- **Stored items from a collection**
┌──

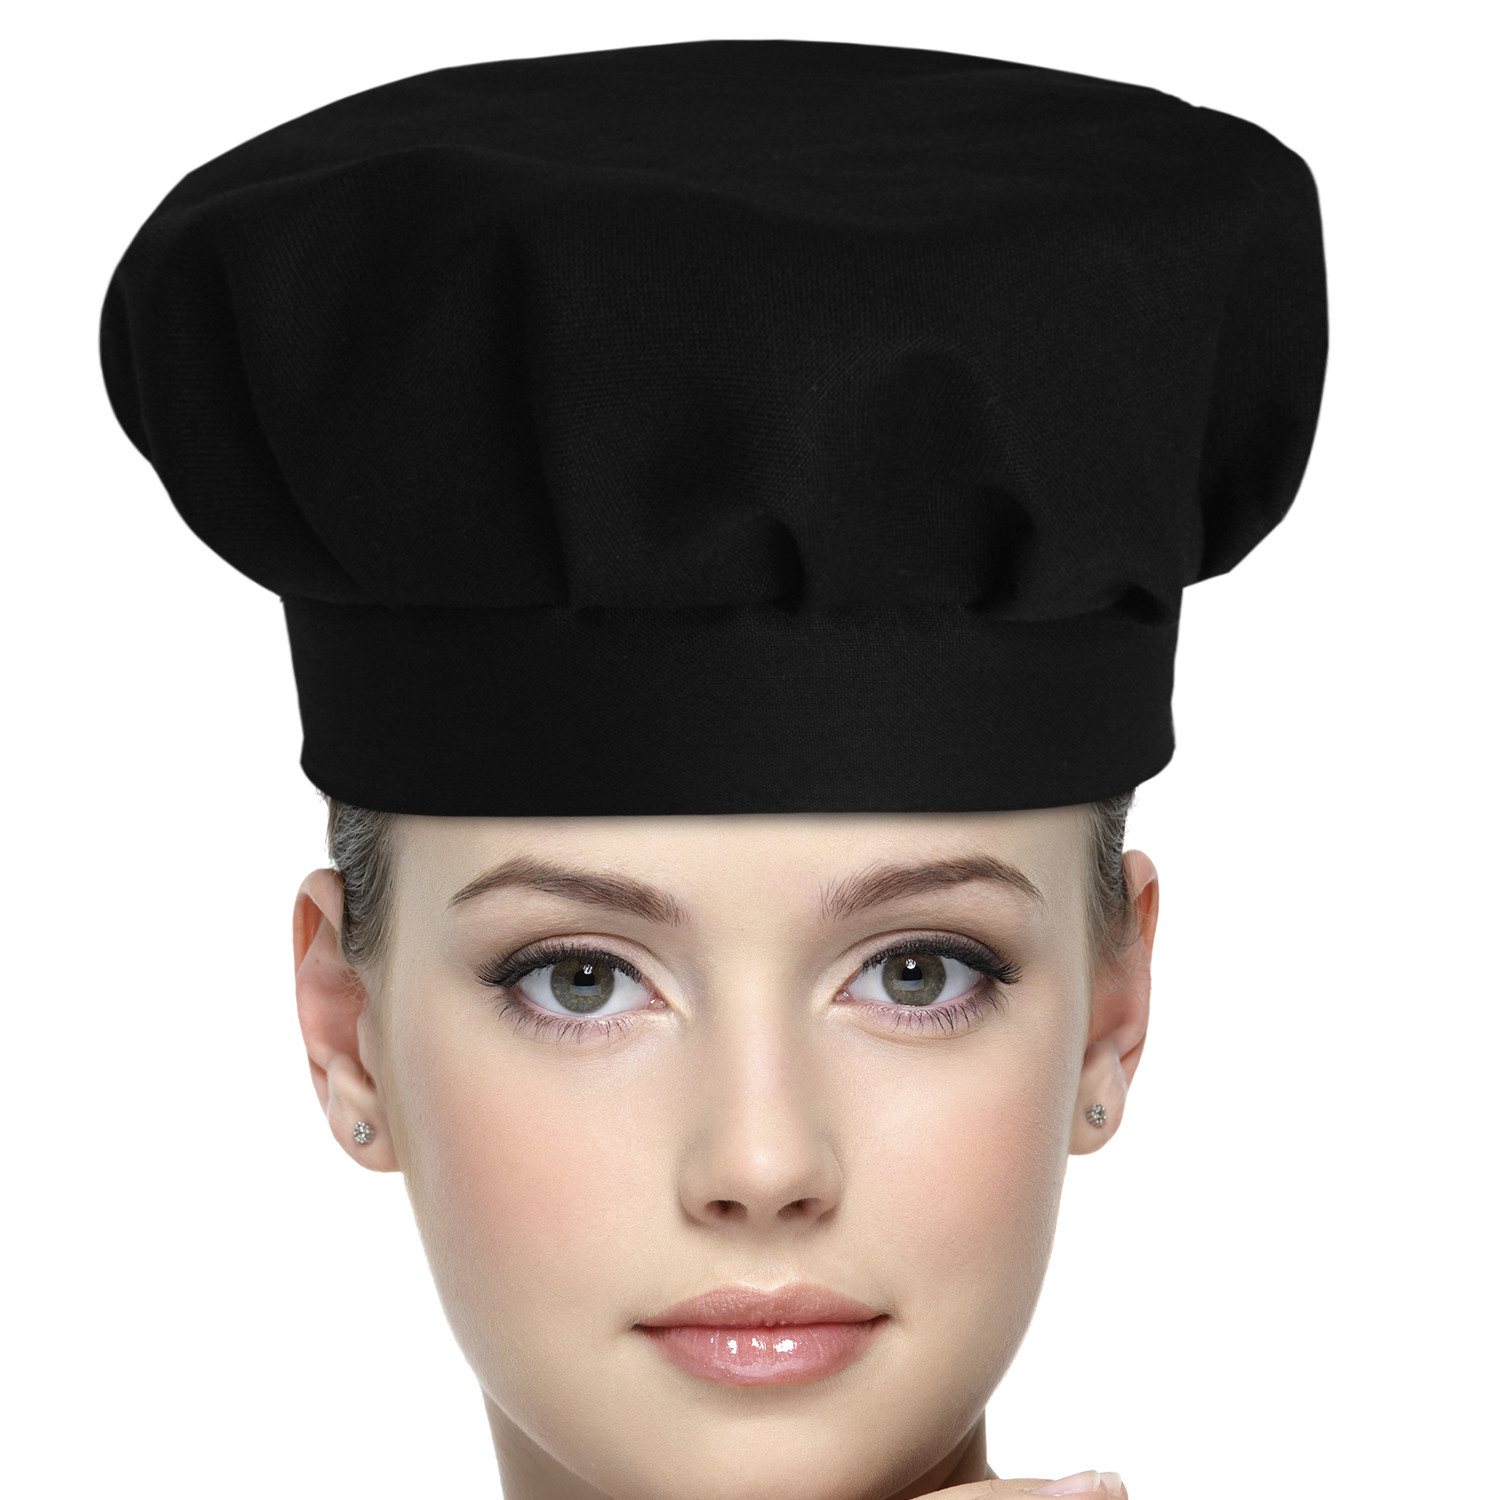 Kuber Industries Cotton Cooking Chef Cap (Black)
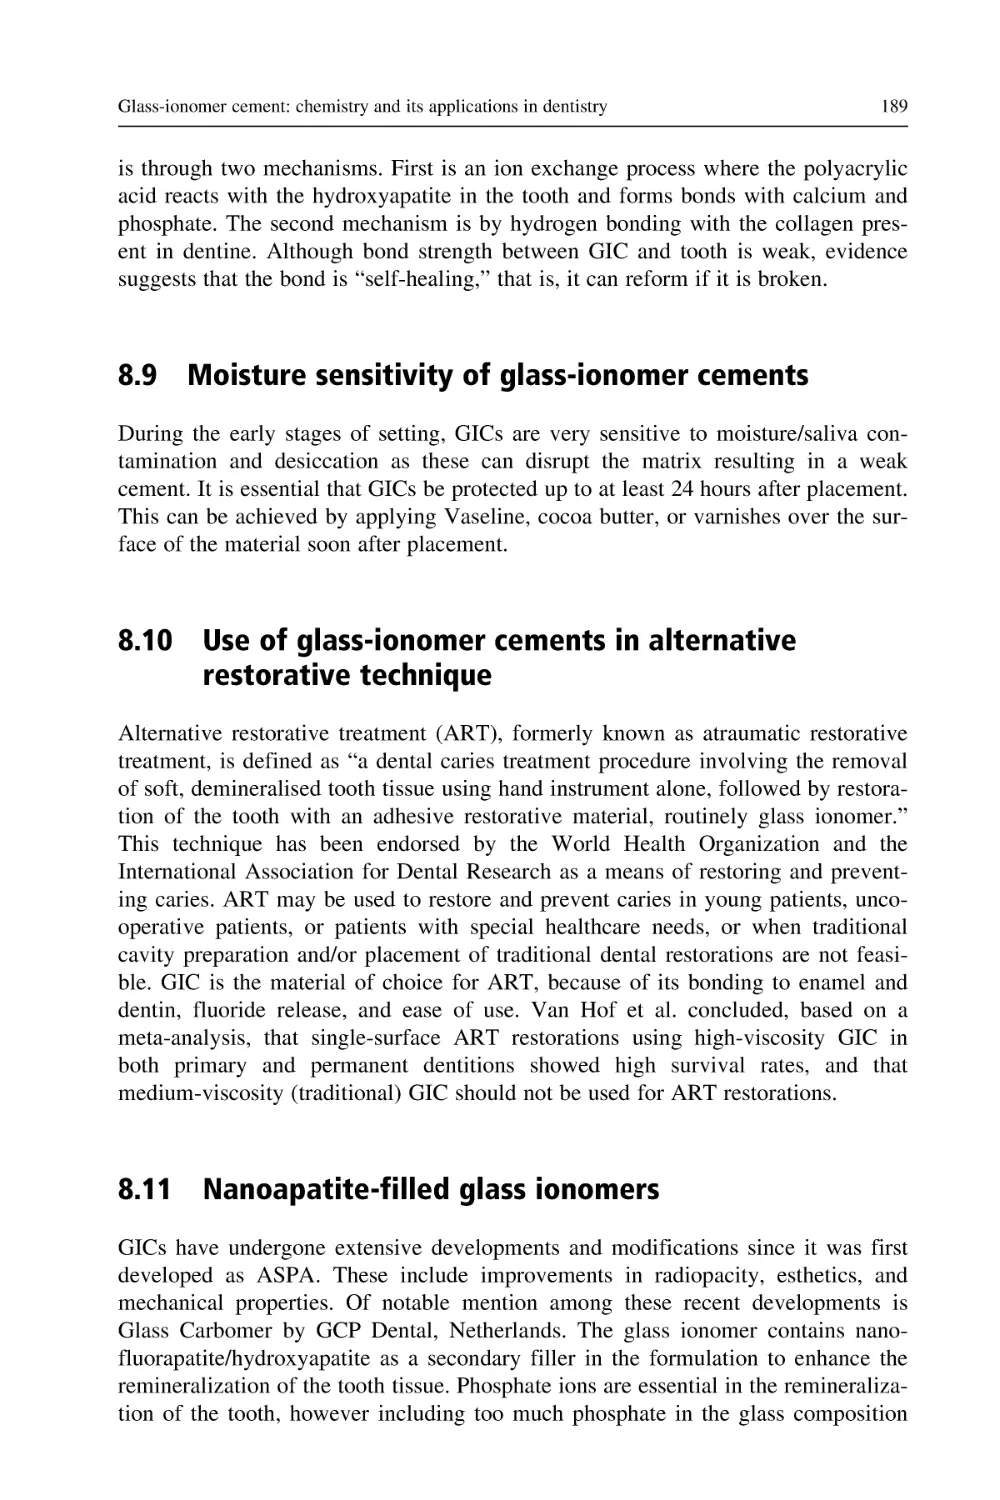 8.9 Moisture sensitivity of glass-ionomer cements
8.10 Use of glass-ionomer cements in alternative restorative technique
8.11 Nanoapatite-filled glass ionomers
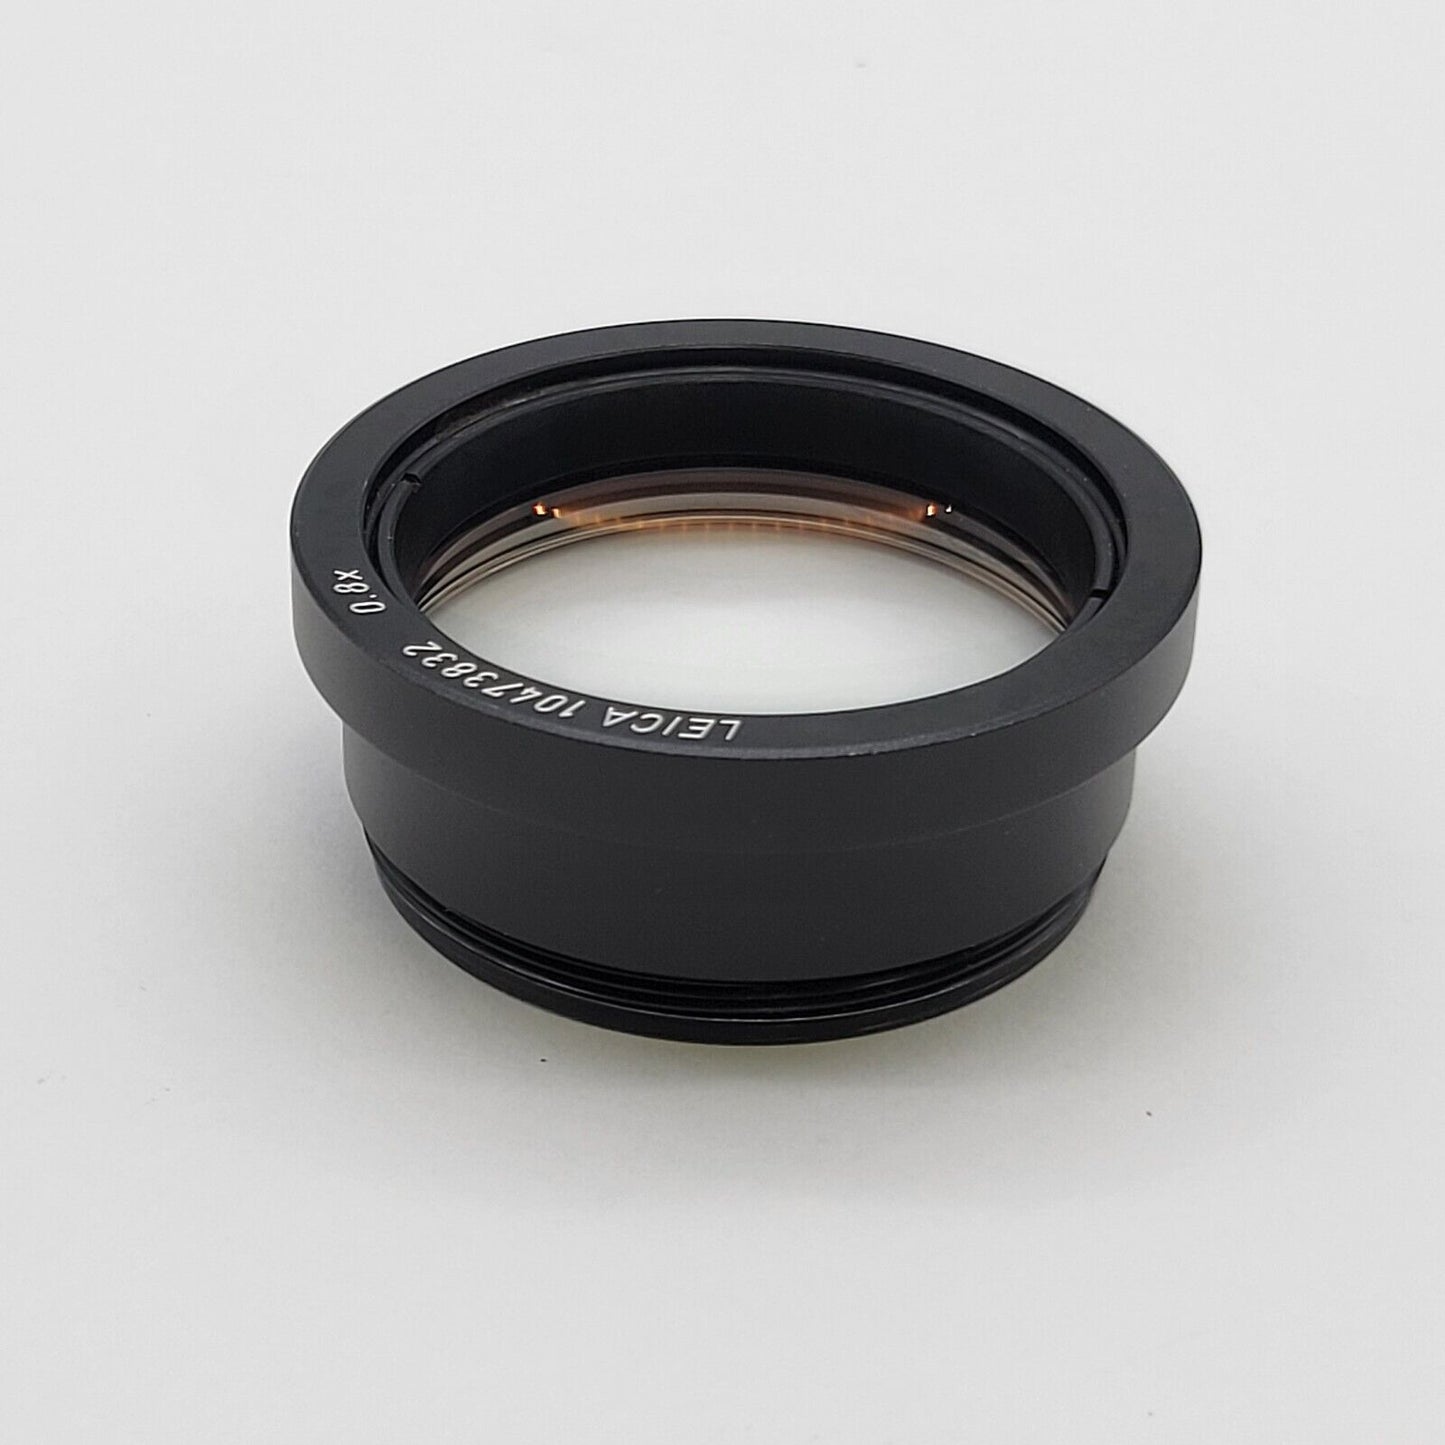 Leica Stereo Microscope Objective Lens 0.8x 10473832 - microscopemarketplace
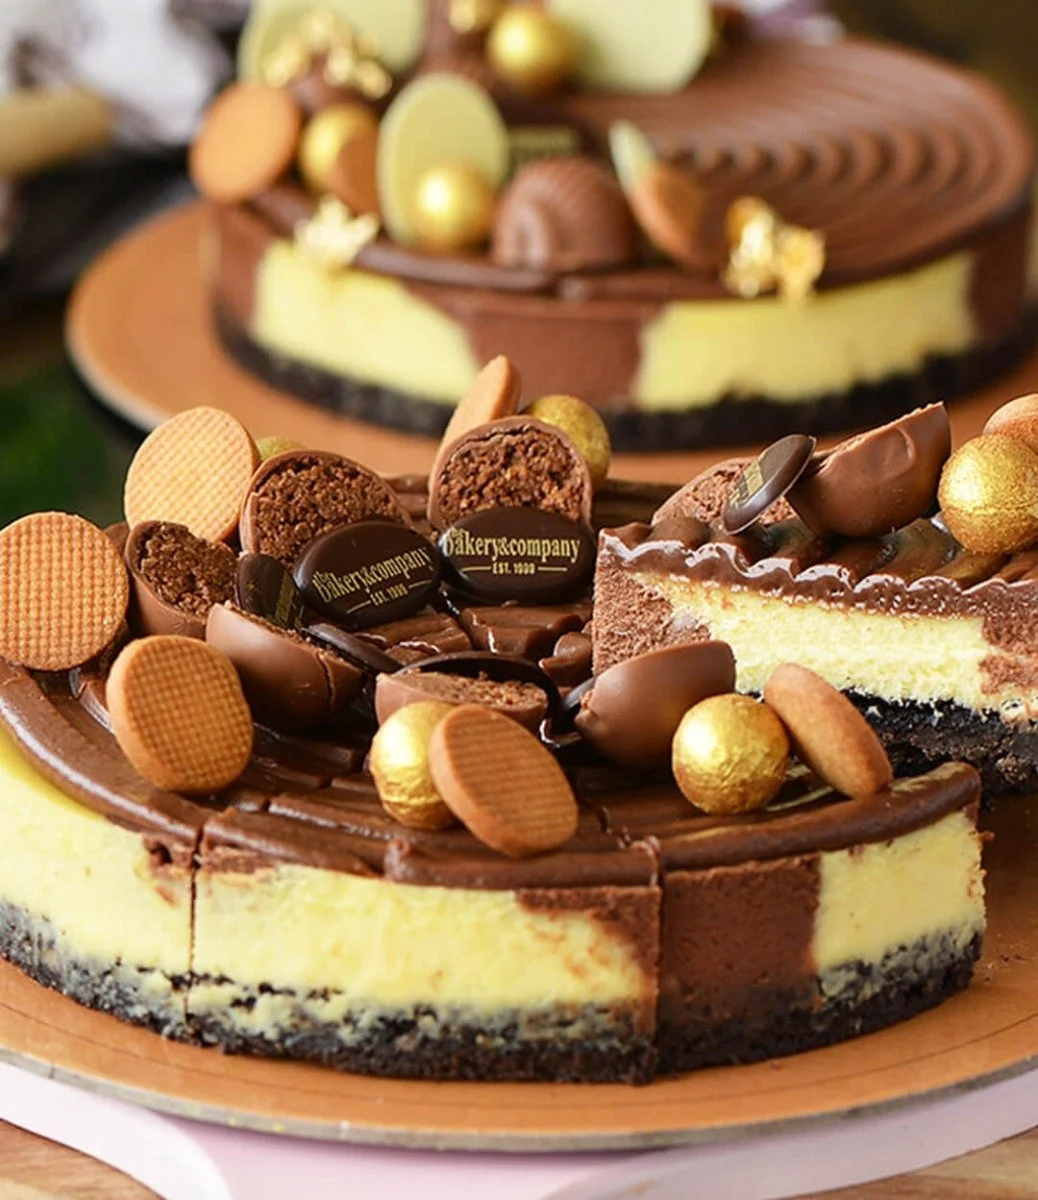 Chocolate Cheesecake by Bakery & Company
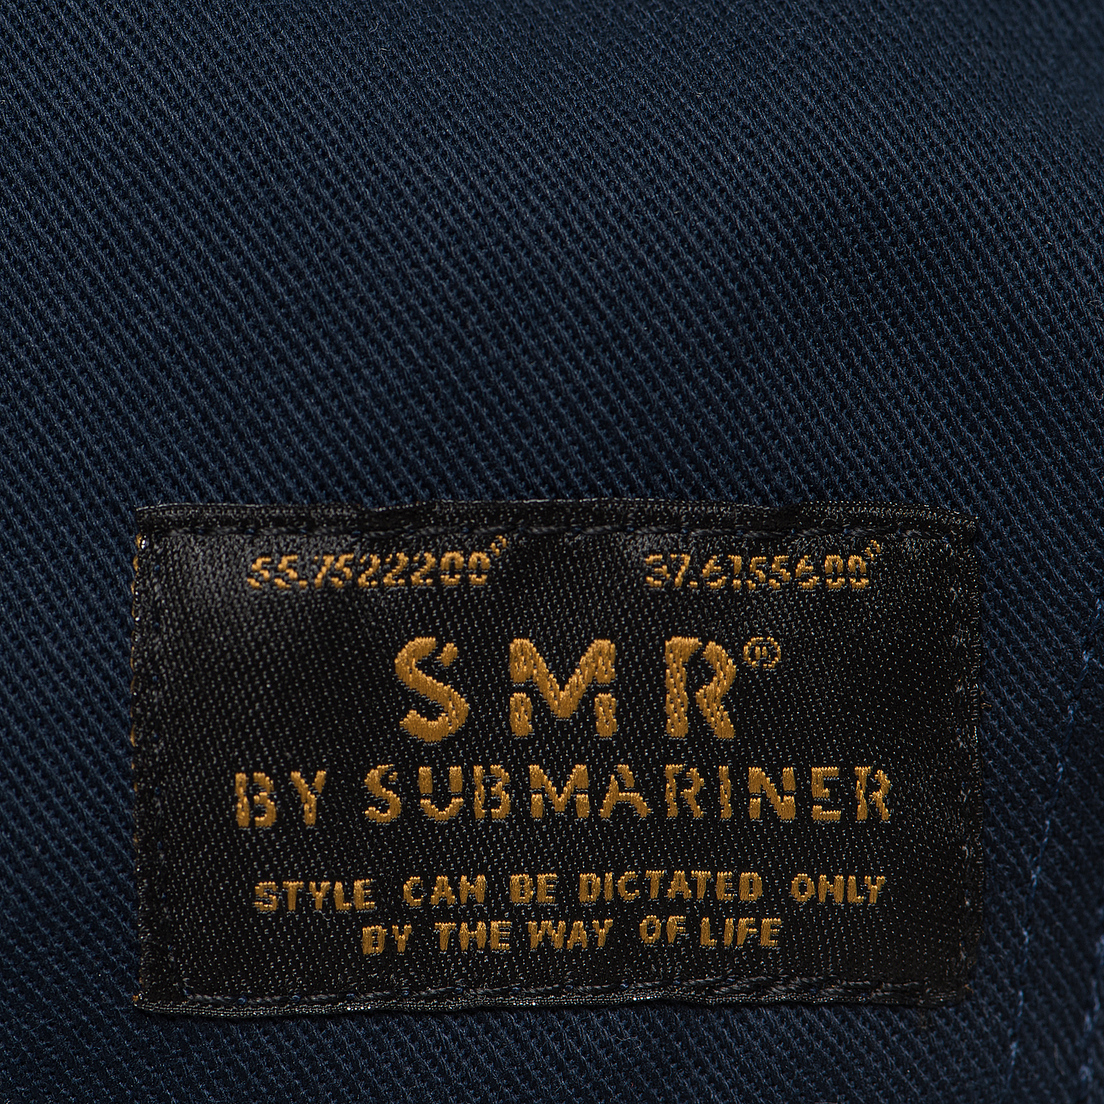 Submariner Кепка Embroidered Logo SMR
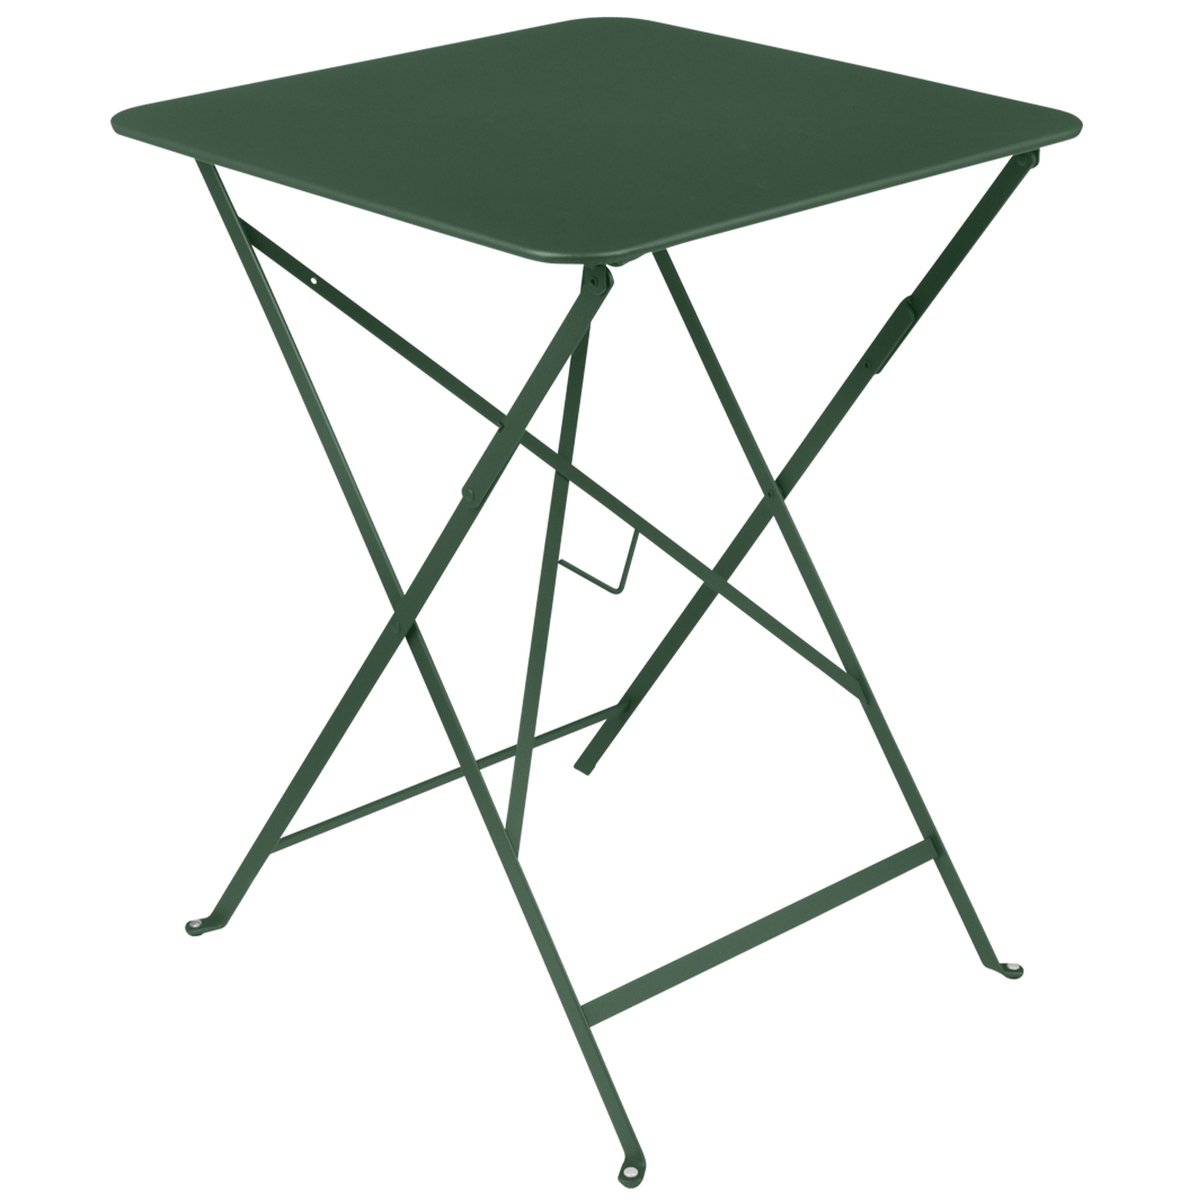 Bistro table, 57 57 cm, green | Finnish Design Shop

└──

- **Try it**
Repeat the lines above exactly, and keep every picture out.

- **Task output**
 Kuber Industries Cotton Cooking Chef Cap (Black)
 8.9 Moisture sensitivity of glass-ionomer cements
8.10 Use of glass-ionomer cements in alternative restorative technique
8.11 Nanoapatite-filled glass ionomers
 Leica Stereo Microscope Objective Lens 0.8x 10473832 - microscopemarketplace
 Chocolate Cheesecake by Bakery & Company
 Submariner Кепка Embroidered Logo SMR
 Bistro table, 57 57 cm, green | Finnish Design Shop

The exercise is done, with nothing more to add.